CarpetReader API

CarpetReader provides multiple ways to read data from Parquet files. When you instantiate a CarpetReader the file is not opened or read. It's processed when you execute one of its read methods.

To instantiate it you need to provide a Java File or a Parquet InputFile and the class of the record you want to read. The record class must be a Java record that match the field names in the Parquet schema.

CarpetReader<MyRecord> reader = new CarpetReader<>(inputFile, MyRecord.class);

Parquet doesn't support InputStream because Parquet's file format requires random access to read metadata from the footer and data pages throughout the file.

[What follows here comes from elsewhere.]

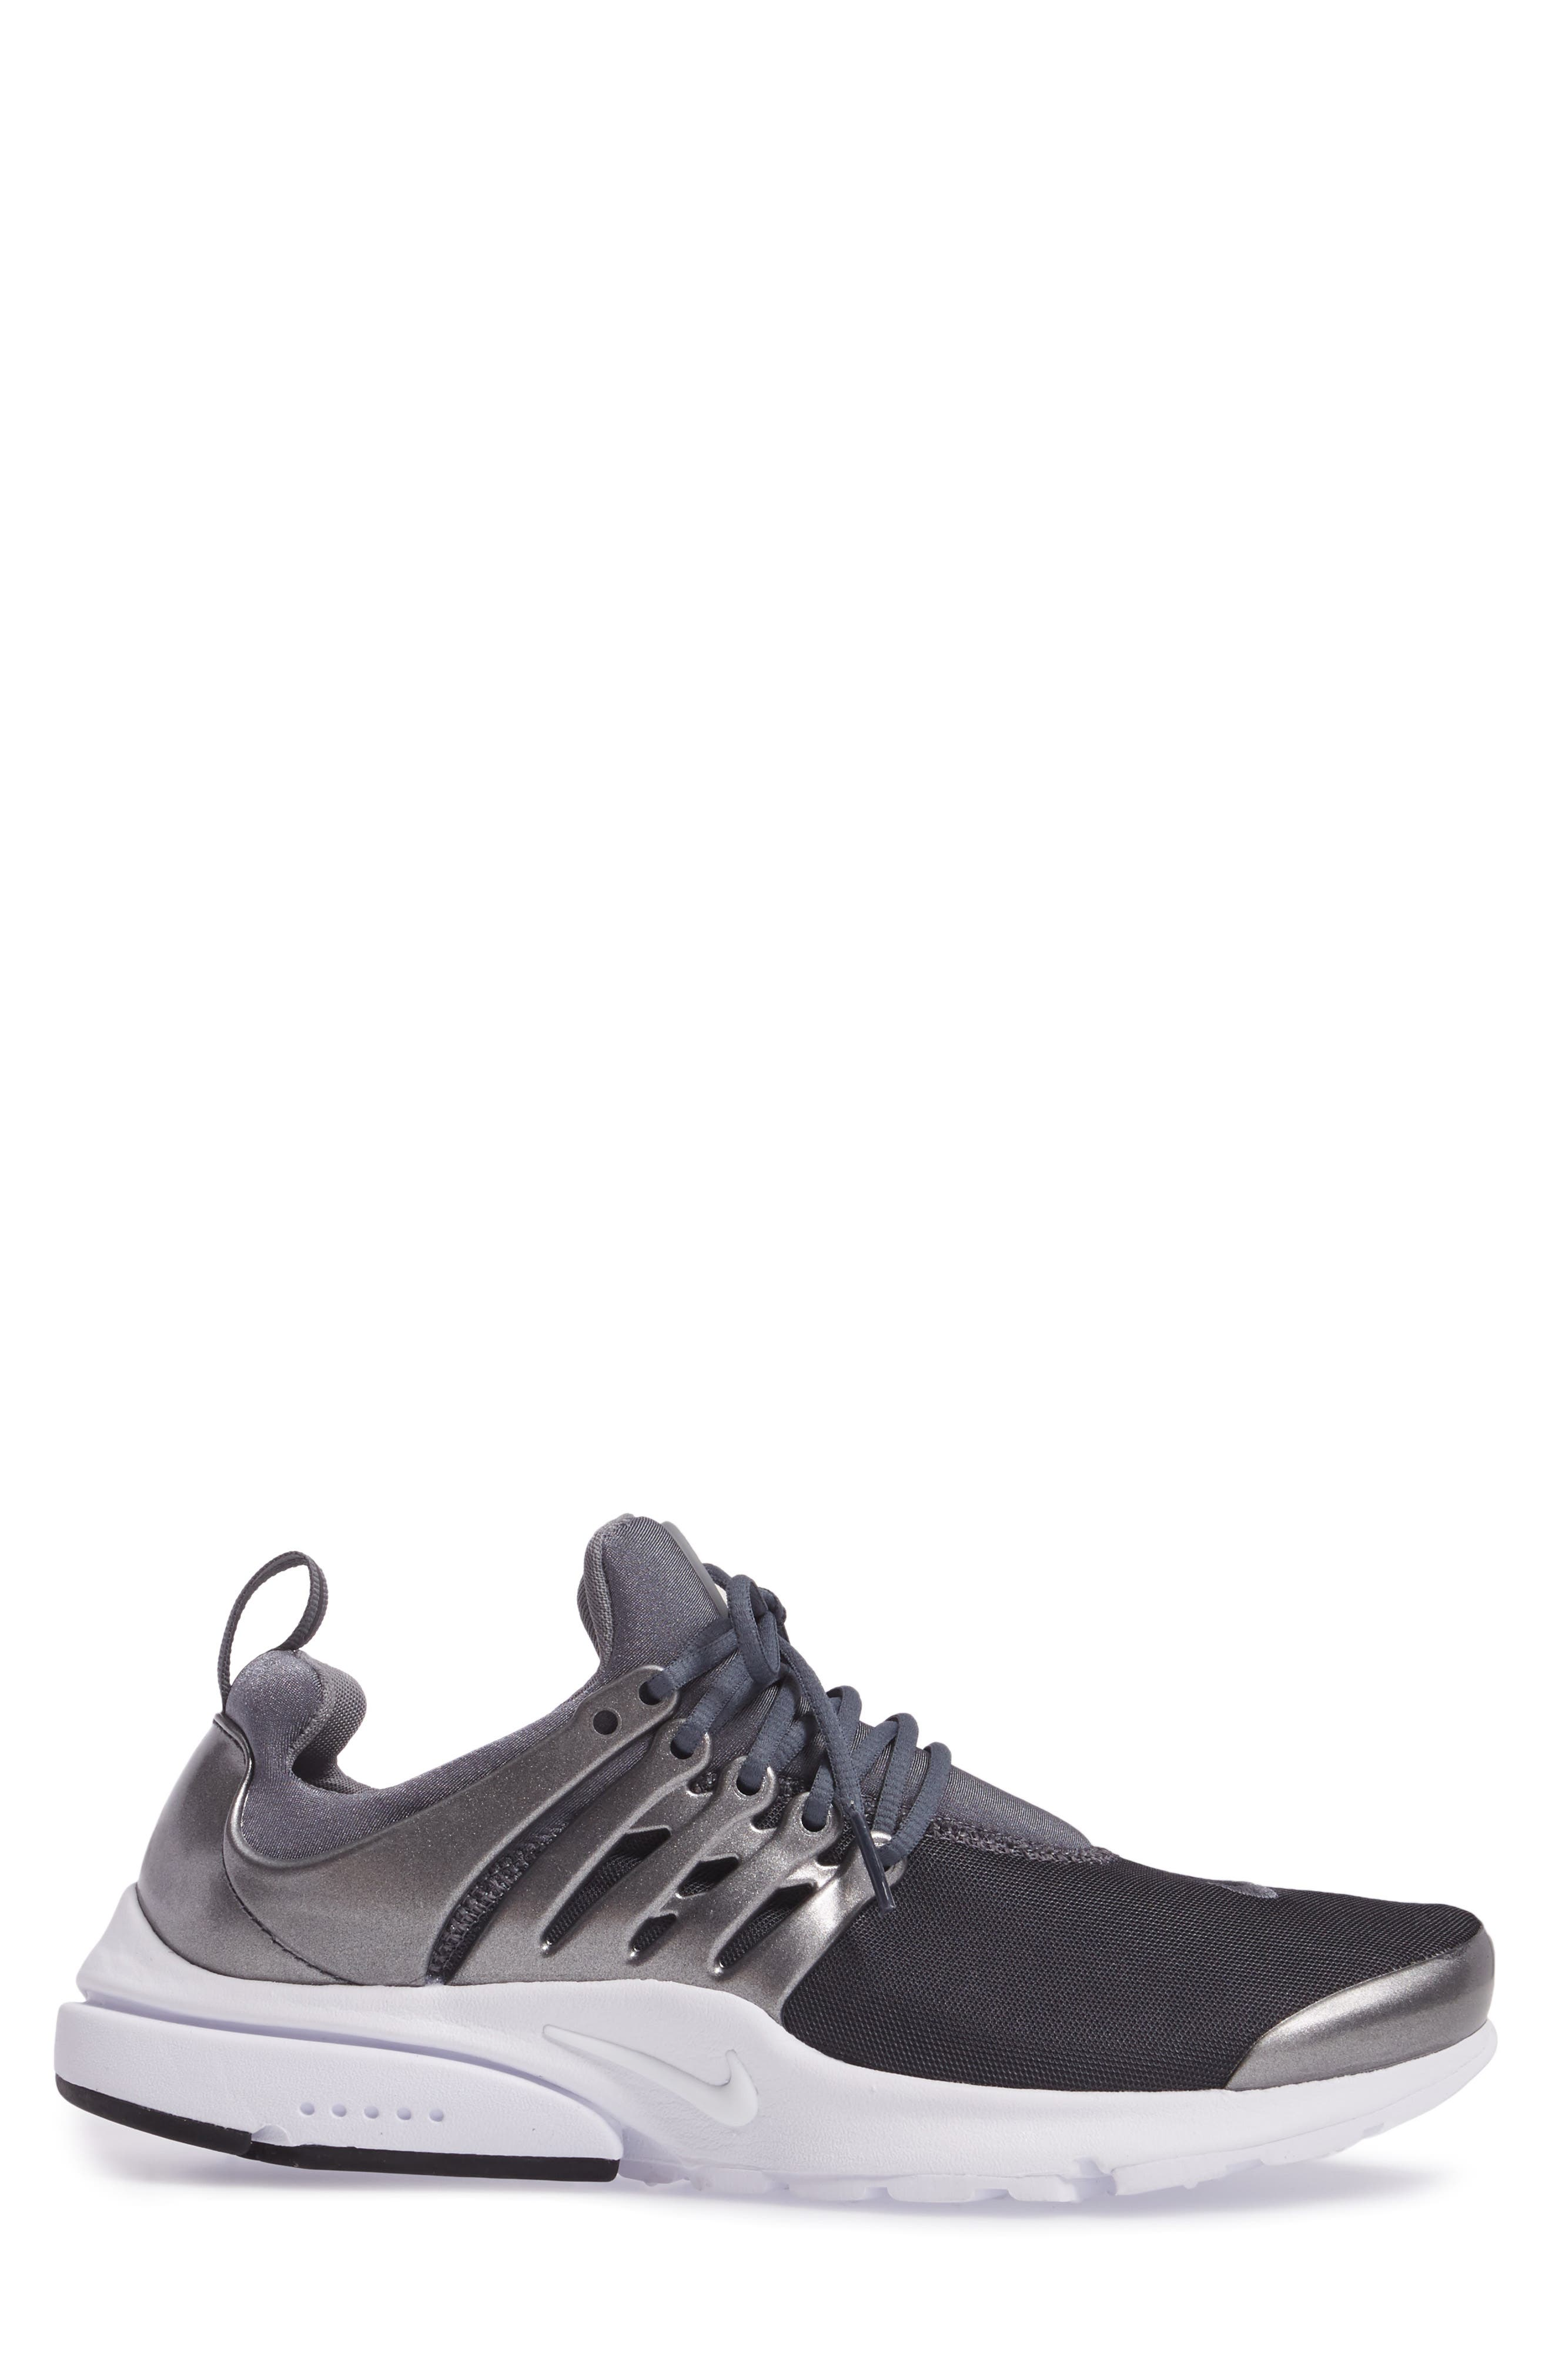 Alternate Image 3  - Nike Air Presto Premium Sneaker (Men)

Since InputStream only provides sequential forward-only access, it's not suitable for reading Parquet files.

Reading Methods

Stream Processing

Stream<T> stream()

CarpetReader<T> can return a Java stream to iterate it applying functional logic to filter and transform its content.

var reader = new CarpetReader<>(file, MyRecord.class);
List<OtherType> list = reader.stream()
    .filter(r -> r.value() > 100.0)
    .map(this::mapToOtherType)
    .toList();

File content is read while streaming, not loaded entirely into memory. This is useful for large files. The stream will be closed automatically when the processing is done.

Collecting `toList`

If you don't need to filter or convert the content, you can directly collect the whole content as a List<T>:

List<MyRecord> list = new CarpetReader<>(file, MyRecord.class).toList();

For-Each Loop

CarpetReader<T> implements Iterable<T> and thanks to For-Each Loop feature from Java sintax you can iterate it with a simple for:

var reader = new CarpetReader<>(file, MyRecord.class);
for (MyRecord r: reader) {
    doSomething(r);
}

Iterator

Implementing Iterable<T>, there is also available a method iterator():

var reader = new CarpetReader<>(file, MyRecord.class);
Iterator<MyRecord> iterator = reader.iterator();
while (iterator.hasNext()) {
    MyRecord r = iterator.next();
    doSomething(r);
}